As February is well into its prime, I can't help but start to feel the itch.
The inevitable.
Everyone is irritable. The usually-pleasant coworkers. The way-too-cheerful guy who serves me Starbucks. Liquor store guy.

The sun has started to peep out. This is a great first step, but really serves no purpose other than being a nasty tease.
Sun equals warmth in my brain, but this sun brings no warmth. Just confusion, as I step outside on my way to work in the morning, because yes, I wholeheartedly expected it to be at least 50 degrees because it looked so goddamn sunny outside.

BRING IT ON, SPRING.

I'm ready. Ready for those first warm days where you swear it's warm enough to wear shorts and flip-flops, but it's really just barely above freezing. Still in the 40's. But 40's has never felt so 80's.

The month of February, solely, is responsible for me wanting to move to a warmer climate. Sure, February, beat it into the ground, with your gray slush, bitter winds, and below freezing temperatures. I GET IT. IT'S BEEN WINTER FOR MONTHS NOW.

Really, everyone's life would be so much better without February. It's not even a full-length month anyhow! I vote to have it removed from the calendar. Imagine- you're feeling the afterglow from the holidays. Christmas, Hanukah, New Year's- it's all over and you're getting back to work. Instead of having to schlep through the anus of the annual calendar (I'm looking at you, February), you move briskly into March, which may bring some wind and rain, but also warmer weather with it.
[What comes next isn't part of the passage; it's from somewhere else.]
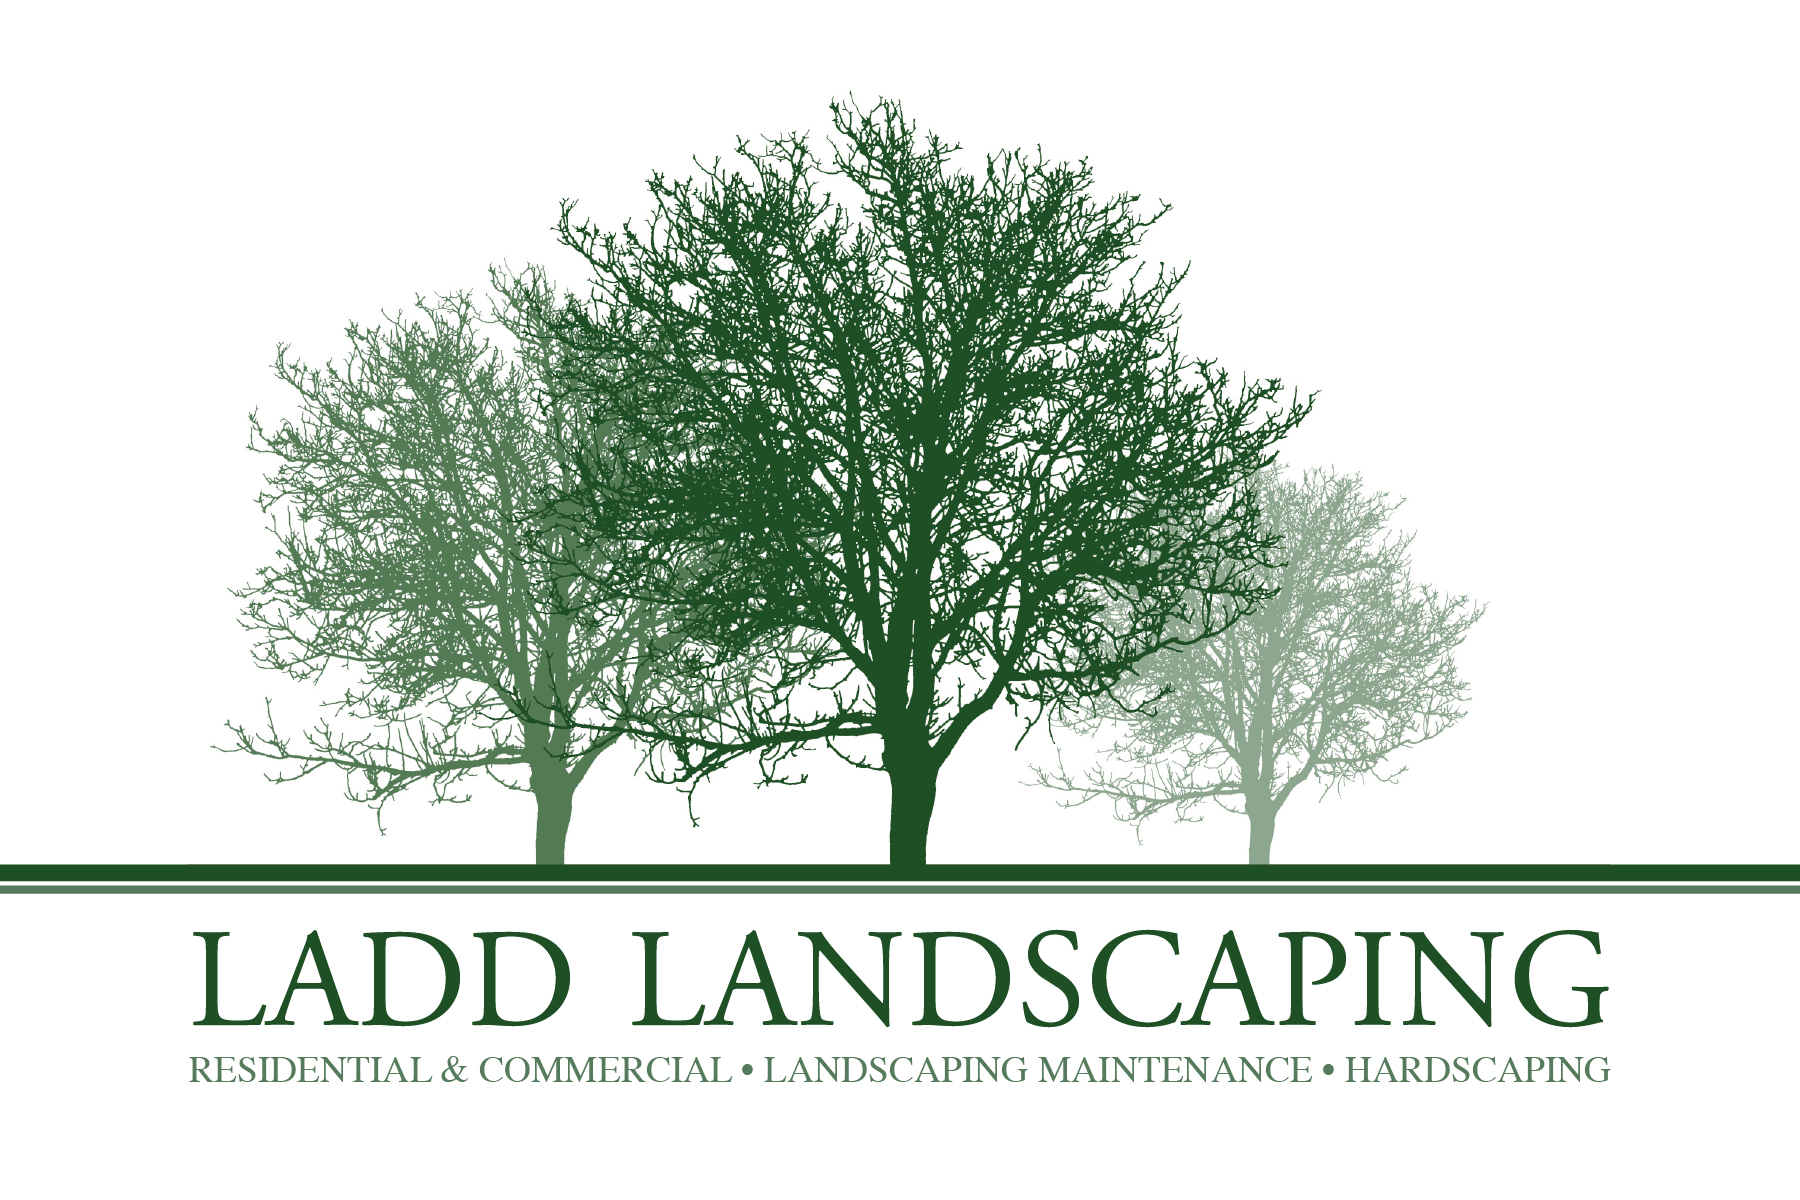 Landscaping Clipart Free. Lan

You're finally free! You can go for walks (and runs!) outside, you can go to museums, parks, and eat outdoors again. Your city (or town!) finally has LIFE again.

For the greater mental and physical health of all humans that deal with temperate climates, we need to BOYCOTT FEBRUARY.

Who really cares if we lose Valentine's Day anyway?
And those black people can have their history month some other time, anyhoo.